A well-known organisational meta-pattern for self-adaptive systems is MAPE [30]: it suggests structuring the system feedback control loop into four components: Monitor, Analyse, Plan, and Execute. In [49], several MAPE patterns are provided for organising the adaptation logic in decentralised self-adaptive systems. These are related and operate in a similar design context, but their focus is on internal organisation of system adaptivity rather than on external, application design. In particular, the Regional Planning pattern [49] consists in distributing Planning components to different “software regions” (i.e., loosely coupled software subsystems); there, they collect data from Analyse components (which are fed by Monitoring components) and command Execute components for enaction of planned adaptations. SCR subsumes Regional Planning: it enables the design of self-adaptation control loops but goes beyond that, by covering various assignments of responsibilities to the participants and being directly usable for application logic as well; e.g., leaders in SCR may gather regional data, resolve contention, or propagate events.

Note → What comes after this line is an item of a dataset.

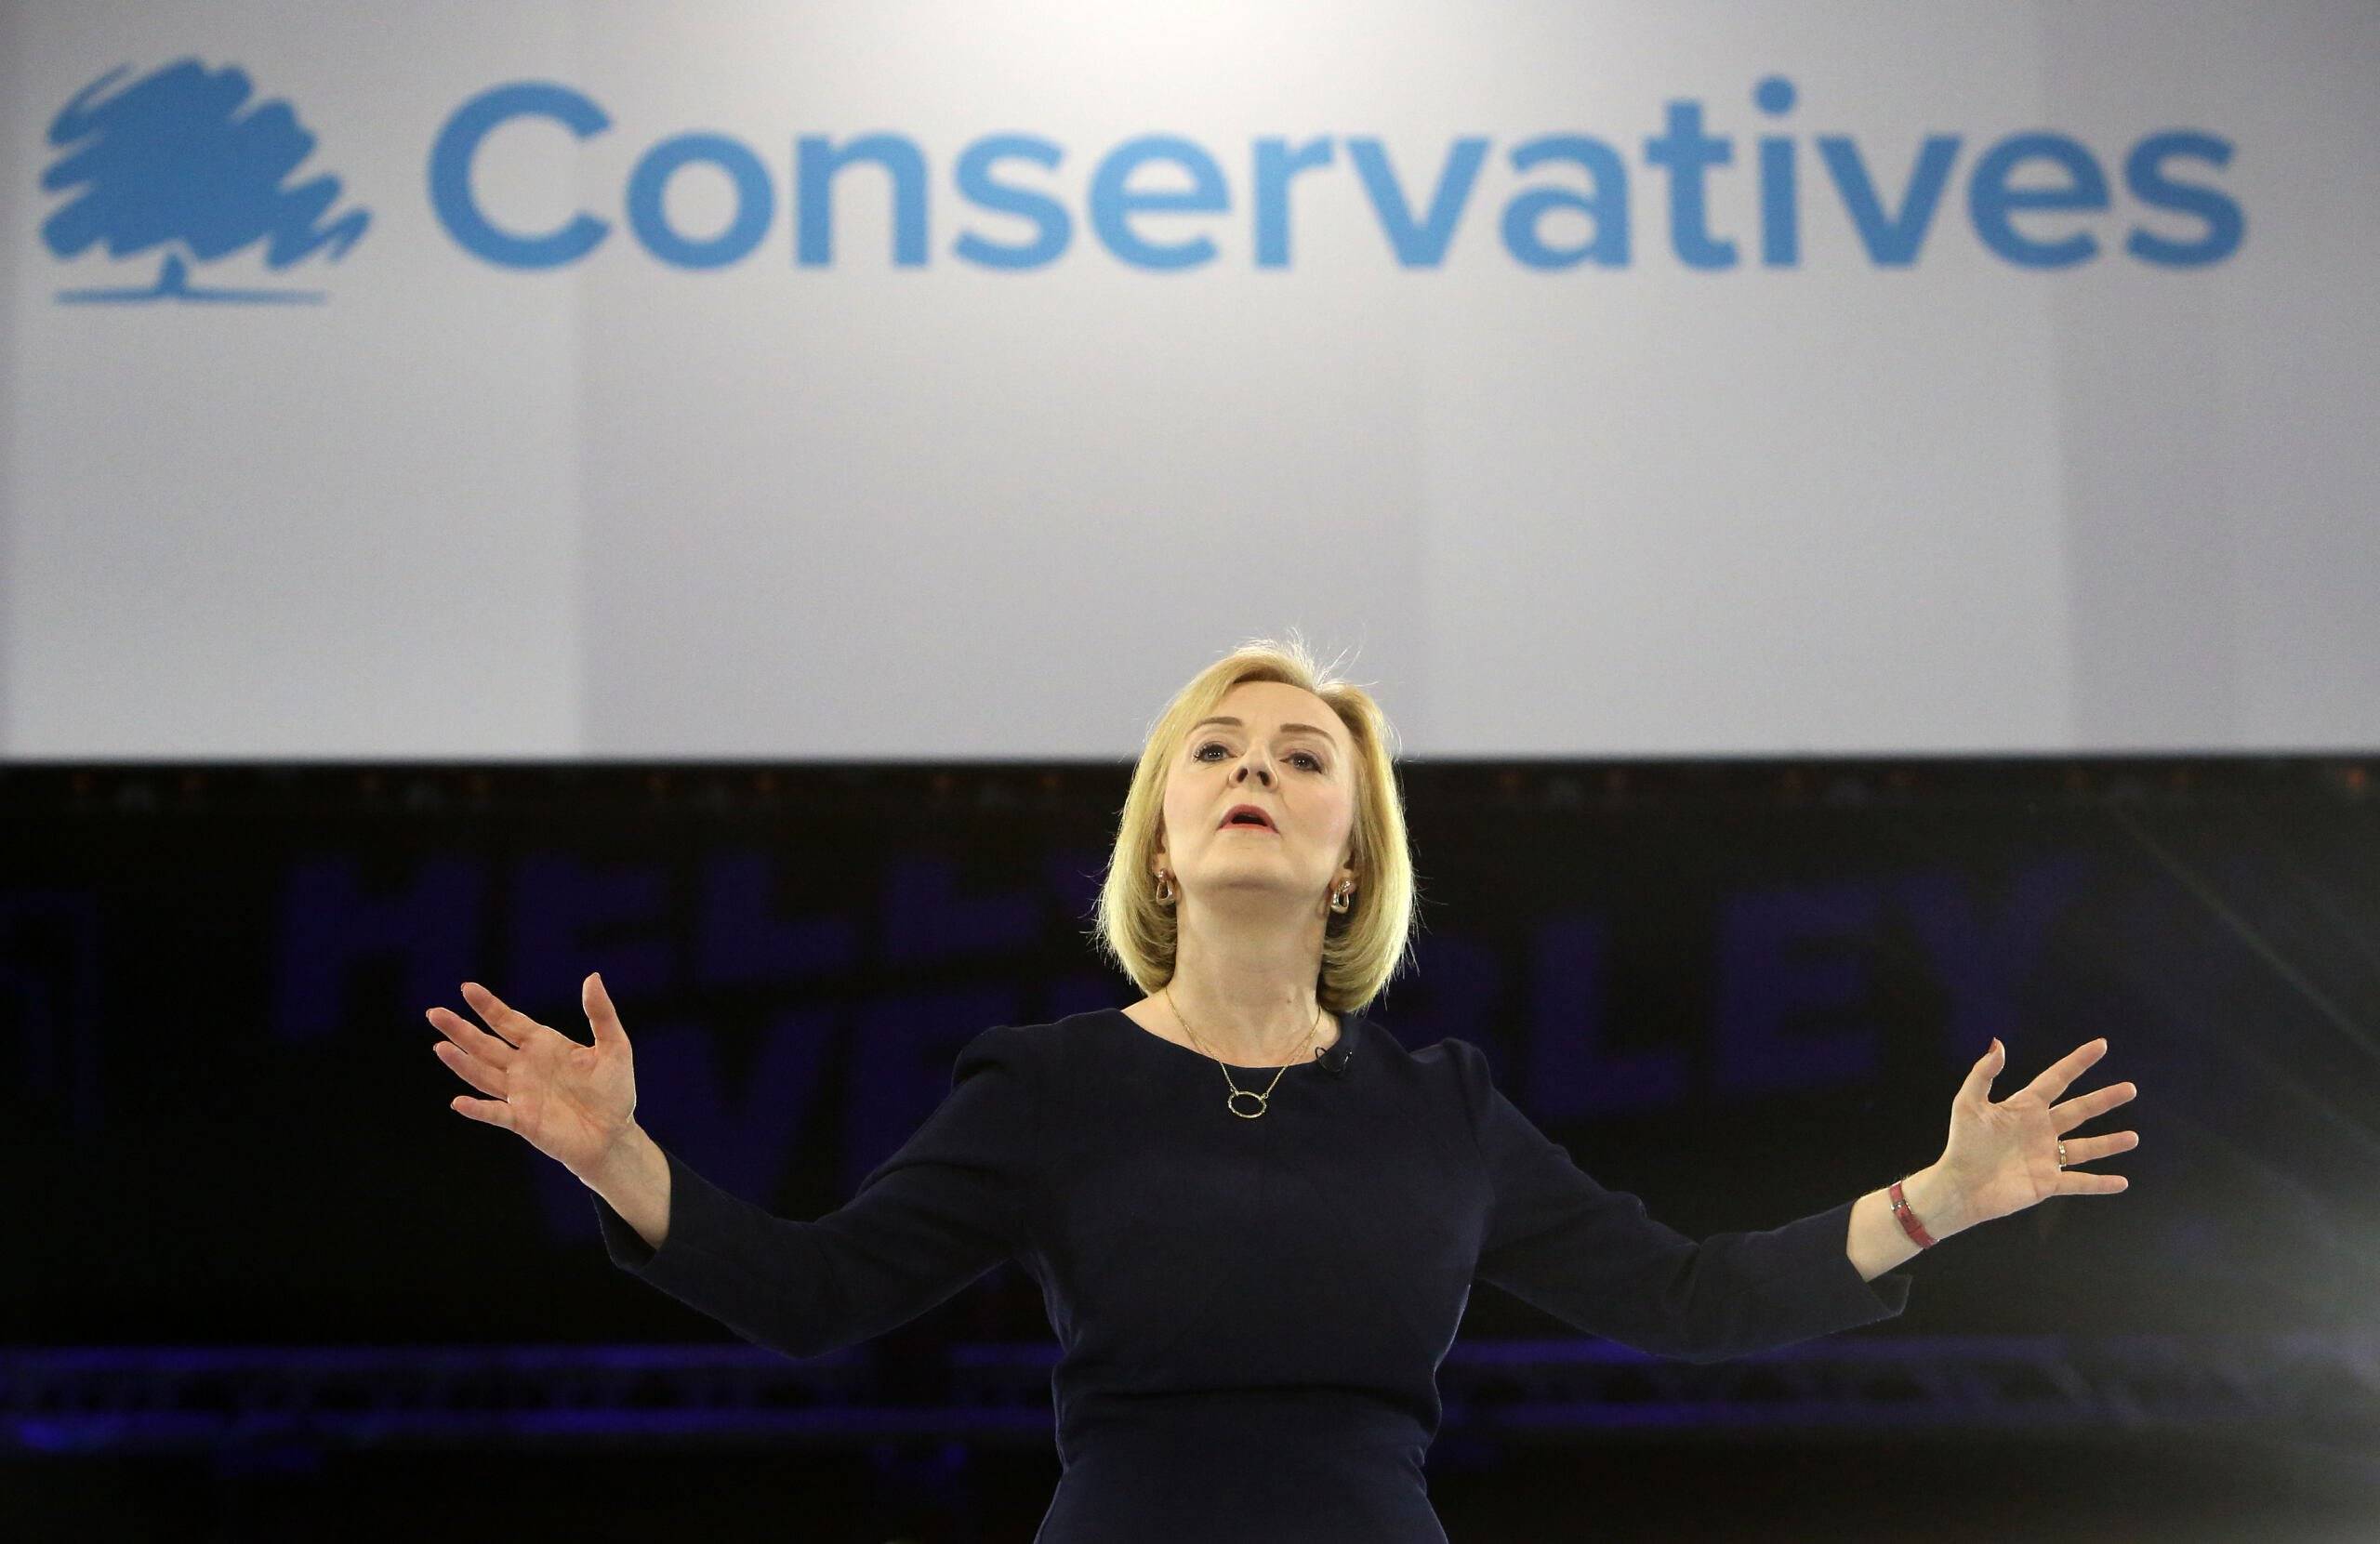 (FILES) In this file photo taken on August 31, 2022 Liz Truss, Britain's Foreign Secretary and a contender to become the country's next Prime Minister and leader of the Conservative party, answers questions as she takes part in a Conservative Party Hustings event at Wembley Arena, in London. - The UK will learn on September 5, 2022 who will be its next prime minister, with foreign minister Liz Truss expected to be announced winner of a lengthy vote by Conservative Party members. The result will be announced at 12.30 pm (1130 GMT), after foreign minister Truss and her rival, former finance minister Rishi Sunak, spent the summer campaigning. (Photo by Susannah Ireland / AFP)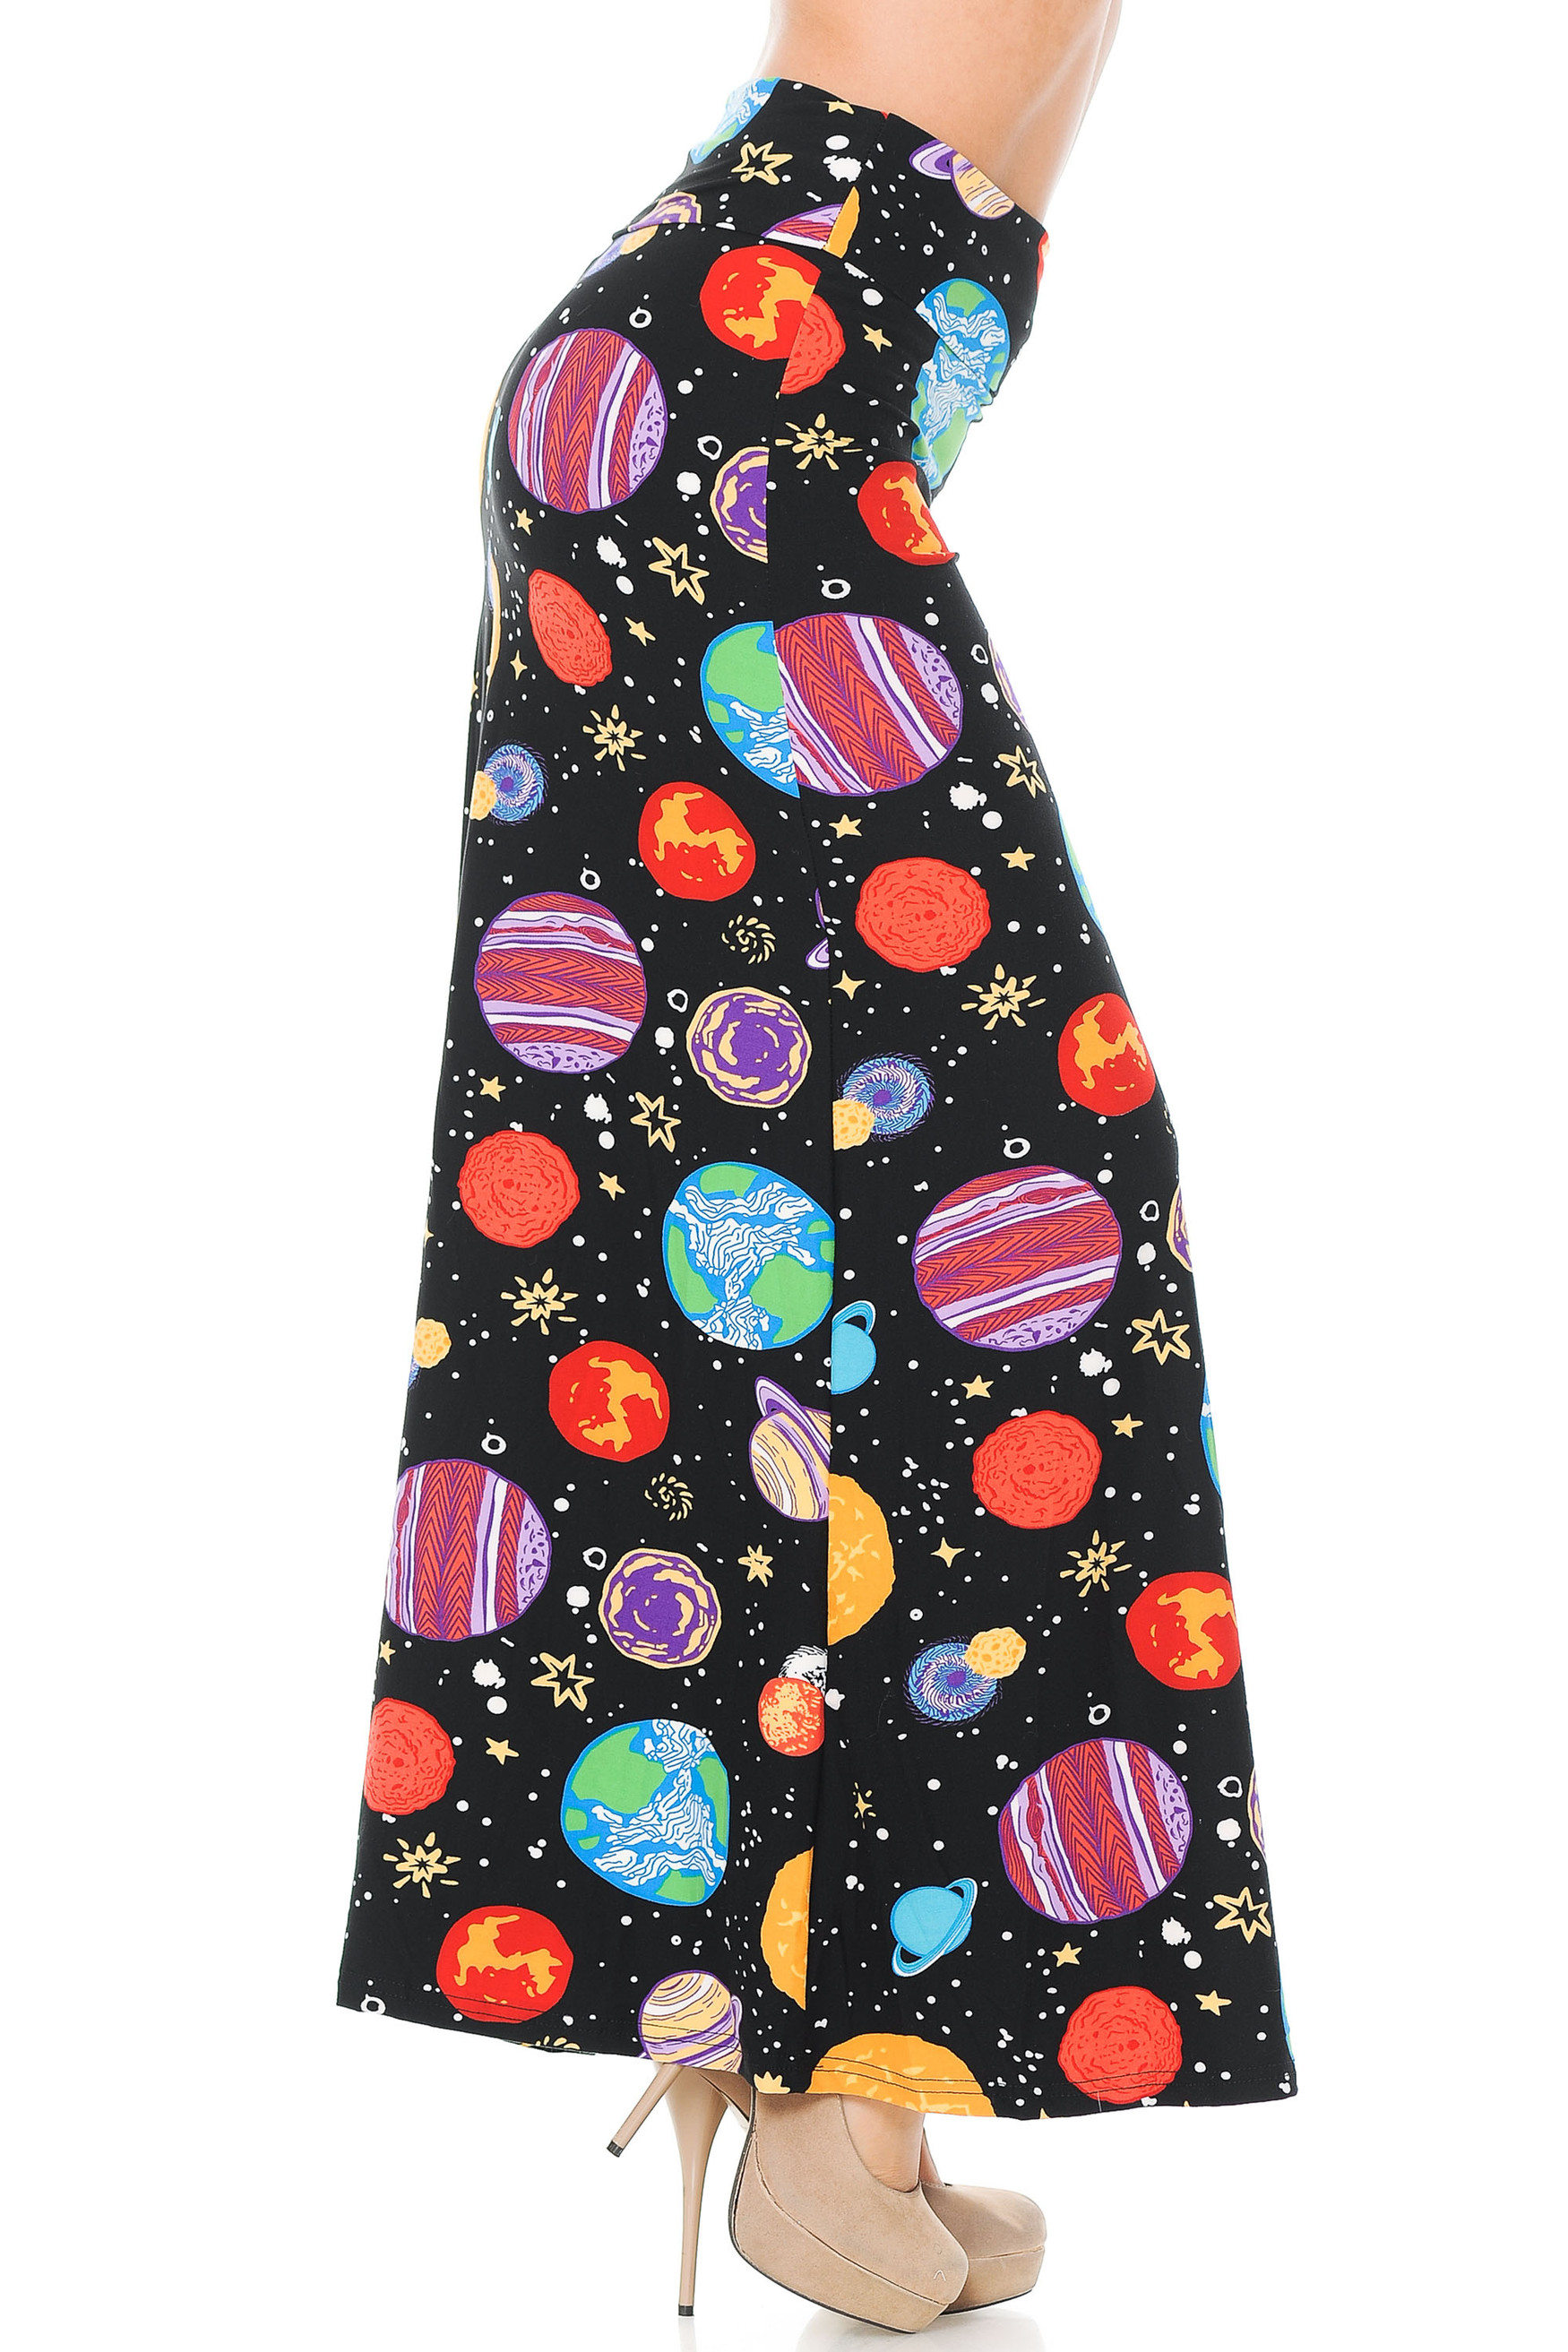 Brushed Planets in Space Maxi Skirt

Known Uses. Various forms and uses of the SCR pattern can be found in literature. In [29], SCR is used to design a decentralised service orchestration system; there, a workflow specification is split for scalability and performance into sub-workflows executed by multiple collaborating engines that are migrated to different network regions based on placement analysis. In [19], SCR is applied in the design of a WSN middleware, TCMote, where the system is organised in (possibly hierarchical) sensor regions governed by leaders with higher capabilities than the other region nodes (called motes); TCMote uses tuple channels for one-to-many and many-to-one communication between region sensors and the region leader in a single-hop. In the WSN middleware TS-Mid [31], tuple space-based logical regions are used for power saving; there, regional leaders dispatch operations to normal nodes and transmit results to sink nodes. In [48], the authors leverage dynamically selected, human-controlled leaders to guide robot swarms towards goal regions. Other known uses of the pattern include distributed sensing [12], target counting [37], group management for target tracking [32], design of self-adaptation control loops [49] (as discussed above), crowd tracking and steering [4, 10] in opportunistic IoT, as well as peer-to-peer clouds [13].

Fig. 1.
figure 1

SCR from a structural perspective—see description in Sect. 3.1. Notation: “gateway-like” nodes denote candidate leaders (red for active ones, grey for unelected ones); small grey squares denote relays; small grey circles denote users/workers (Color figure online)

3 Pattern Description

Intent. Support scalable control and monitoring of a distributed system, with resiliency to failures and dynamicity, and balancing centralisation and decentralisation in decision making.

Name and Synonyms

  • Self-organising Coordination Regions. This reflects the decentralised nature of this pattern, as well as its support for coordination through scoped, endogenous, emergent structures and dynamics.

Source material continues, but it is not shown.